9. See, for example, Papadopoulos (Citation2010) and Bailey (Citation2011).

10. Full details of the legislation can be found on the UK government legislation Web site (http://www.legislation.gov.uk/ukpga/2008/4/section/63).

11. Culturally specific understandings of race mean that although this research found some hesitancy around “speaking race” in a British context, focus groups run in different national contexts may well offer less (or indeed more) reluctance.

12. Which, interestingly, was far more prevalent in pornography that involved condom use.

13. Cum-play is a colloquial term for a range of practices that involve ejaculate. These include using a finger or penis to “push” semen into an anus, licking cum and then exchanging it orally, pushing semen that has been ejaculated into the anus back out, licking or sucking semen out of an anus (“felching”), drinking semen, masturbating using semen as lubricant, and a plethora of other acts.

14. Of note here is Elliot’s (Citation2009) analysis of Lum’s experimental film, Indelible (2004), in which he makes an argument for identifying semen (particularly when not aligned with reproduction) as an abject material, noting that such abjection comes from semen’s “association with fatally infectious sexually transmitted disease in unprotected sex” (p. 146).

15. Indeed, the invisibility of HIV was a key issue within HIV campaigns throughout the 1980s and 1990s.

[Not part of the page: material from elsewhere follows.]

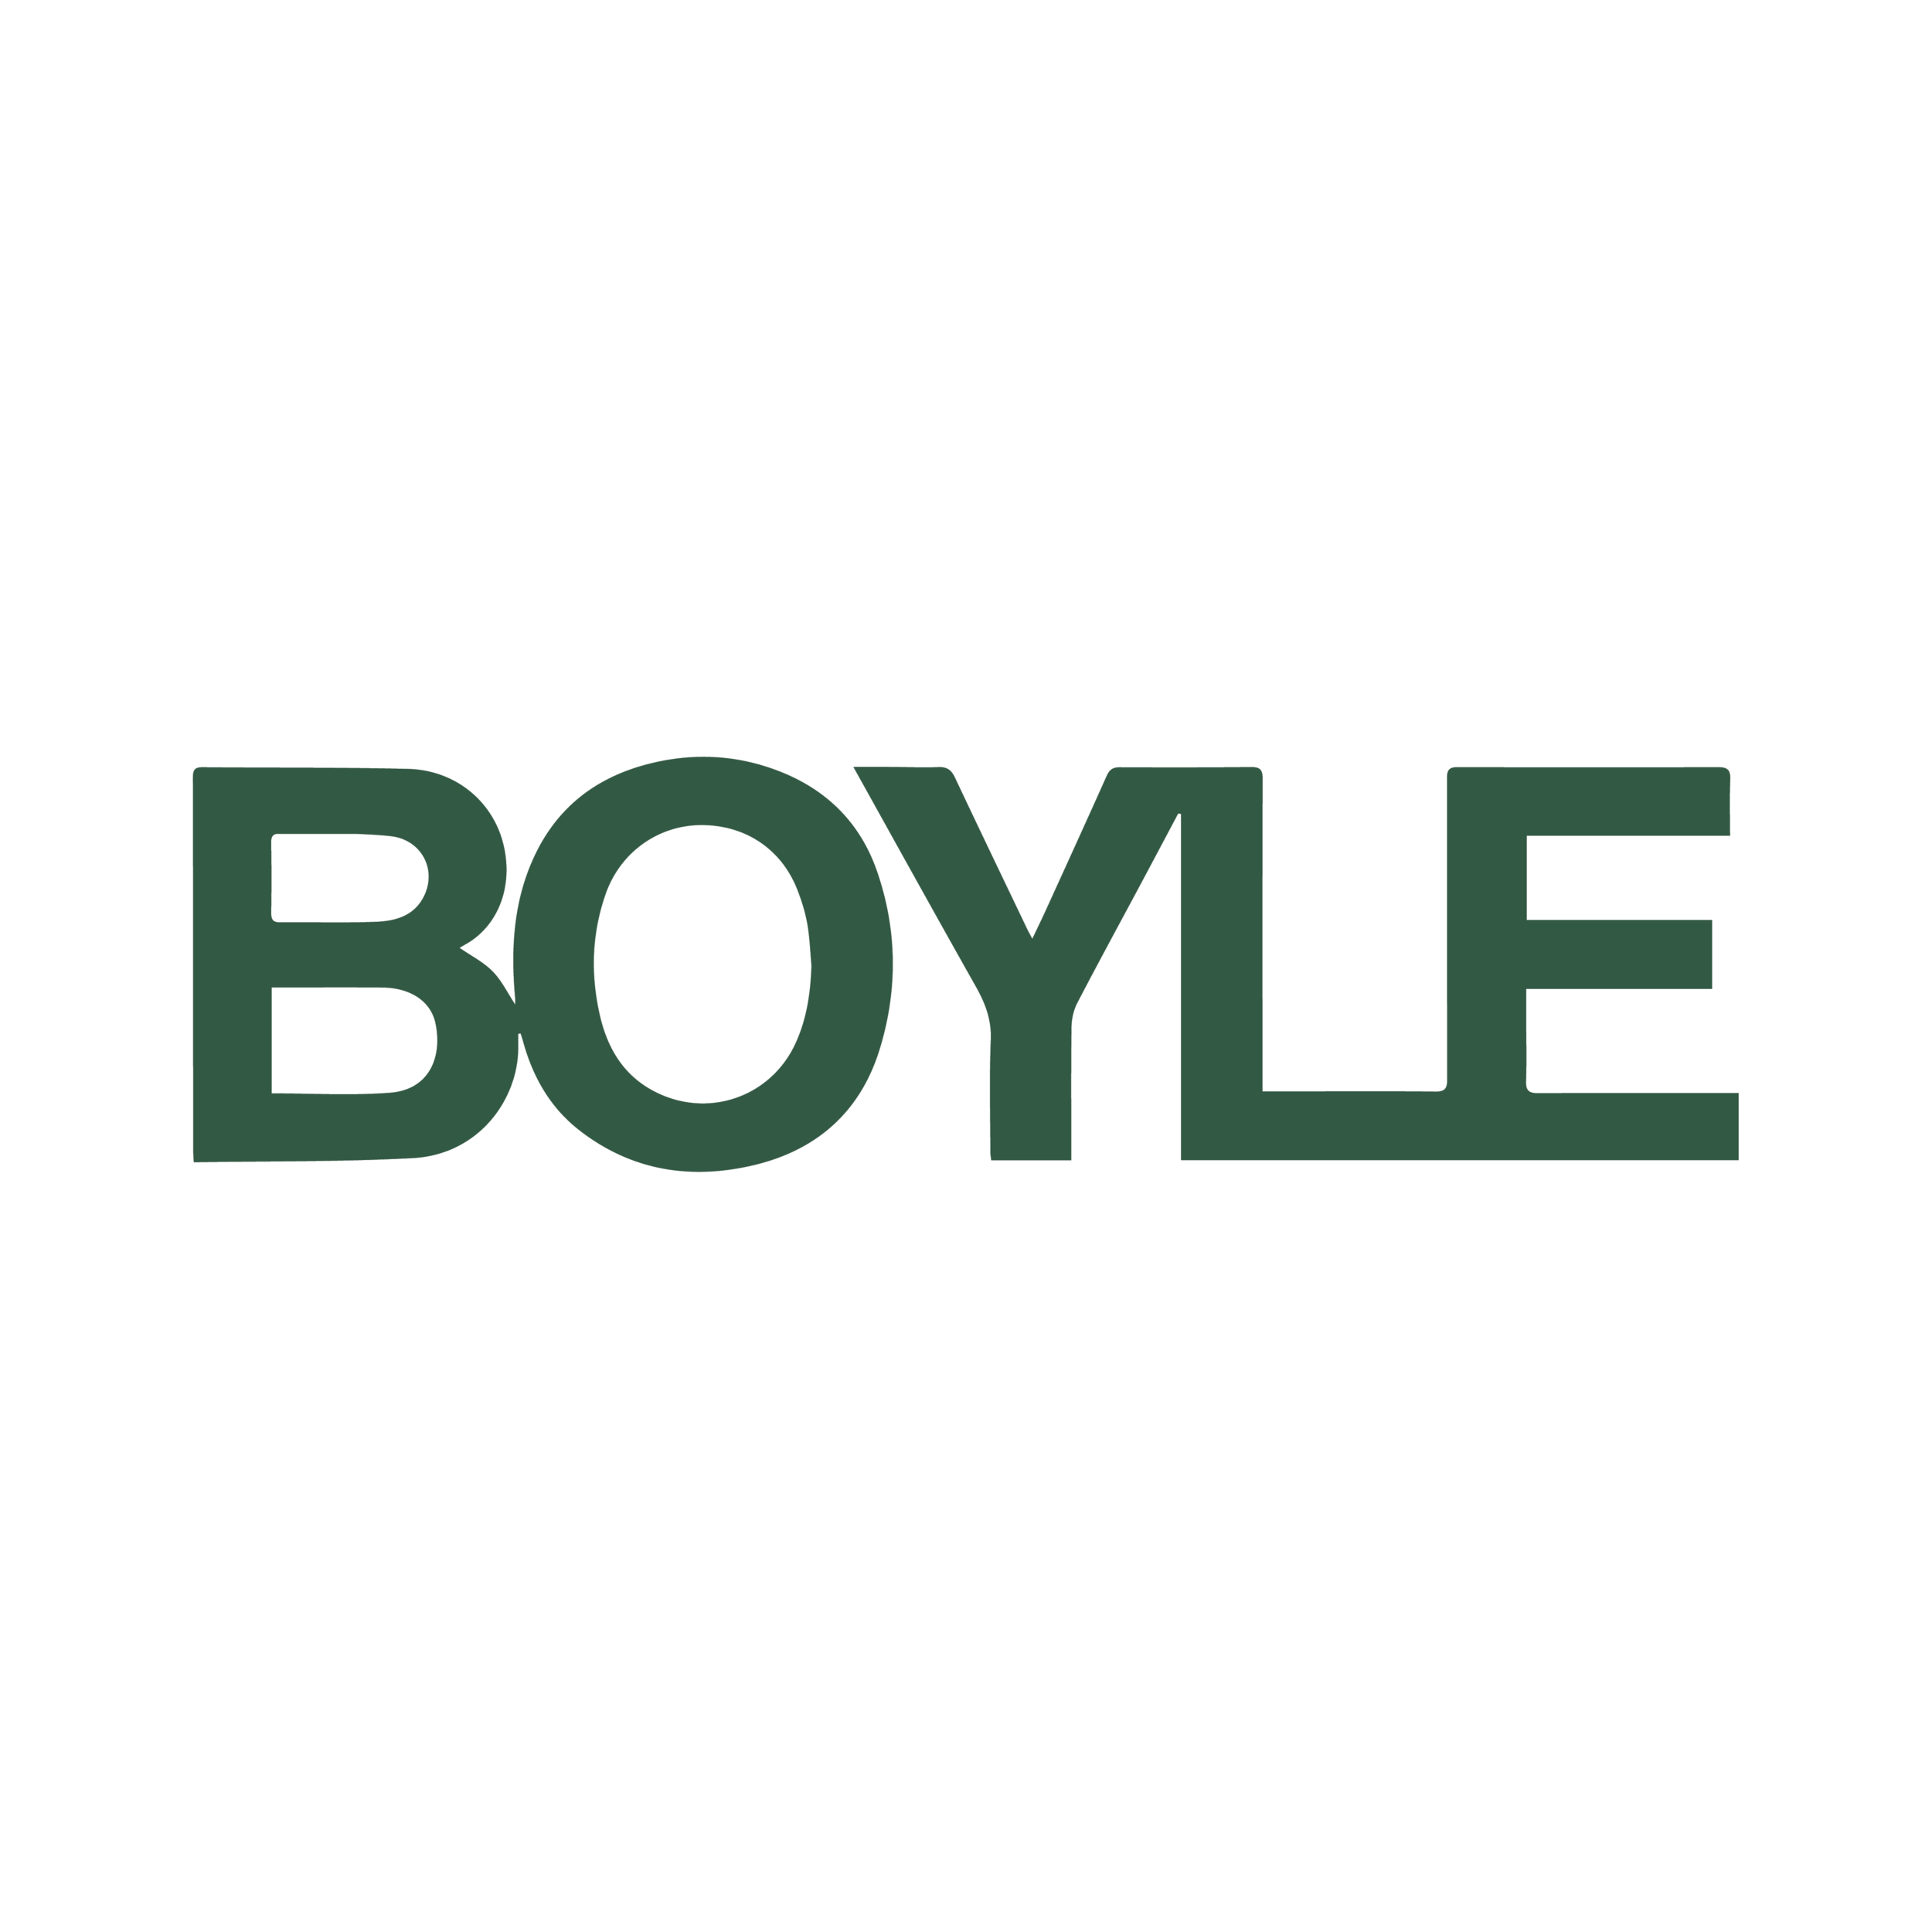 Boyle Logo.png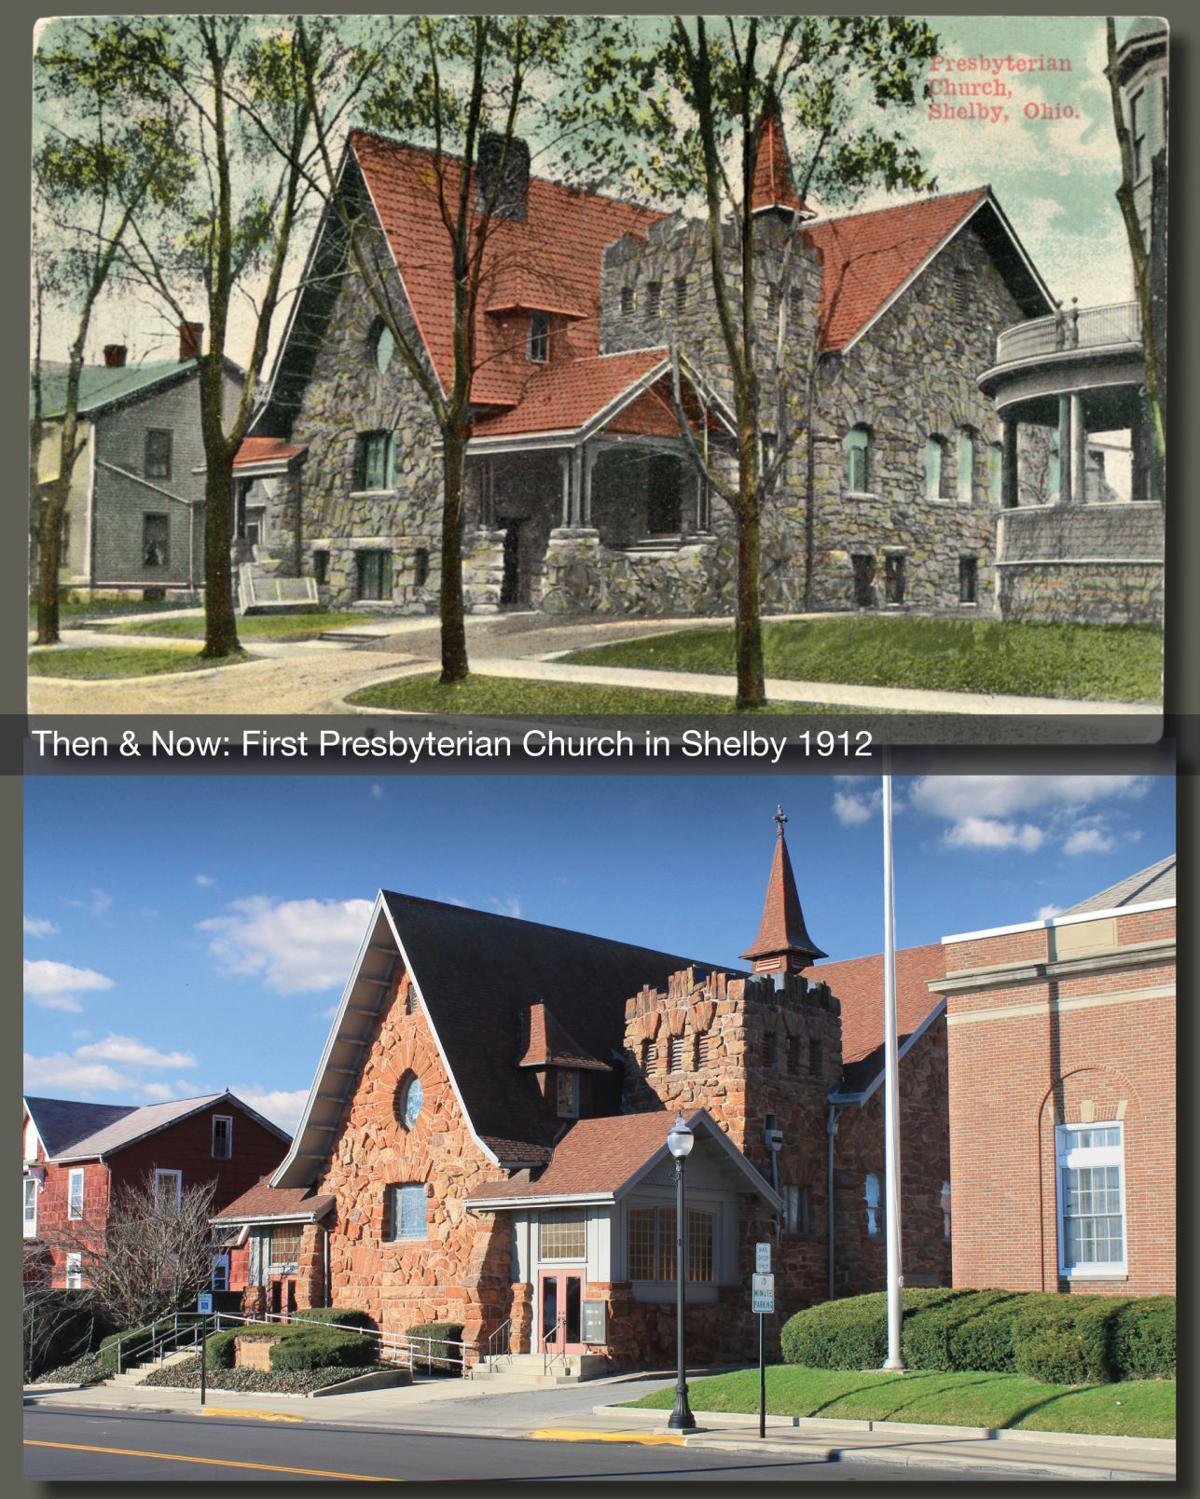 Then & Now: 1st Presbyterian 1912

Within gay men’s health promotion, the fact that HIV was undetectable to the human eye and the contemporaneous understanding that HIV status could not be “read” on the body of a sexual partner were central messages disseminated through advertising material.

16. This is not to suggest that ejaculation and ejaculate are not faked in pornography (whether gay or straight). Escoffier (Citation2007) reports one performer confessing that he once used hand cream in lieu of being able to achieve an orgasm during a performance.

17. Indeed, while some directors include a declaration regarding the negative status of their performers, gay men’s high degree of knowledge of HIV testing (see Sigma, Citation2011) and infection would suggest that they are aware that screening requires a 3-month window and retesting at the end of this period to ensure an accurate picture of an individual’s HIV status.

18. Such as negotiated, unprotected sex between monogamous partners who have tested for STIs together beforehand.

19. All claims that the authors of this article strongly refute. One need only point toward the recent forays into UAI by big-name gay male studios such as Sean Cody and Blake Mason for evidence that representing condomless sex remains an integral part of the gay male pornoscape.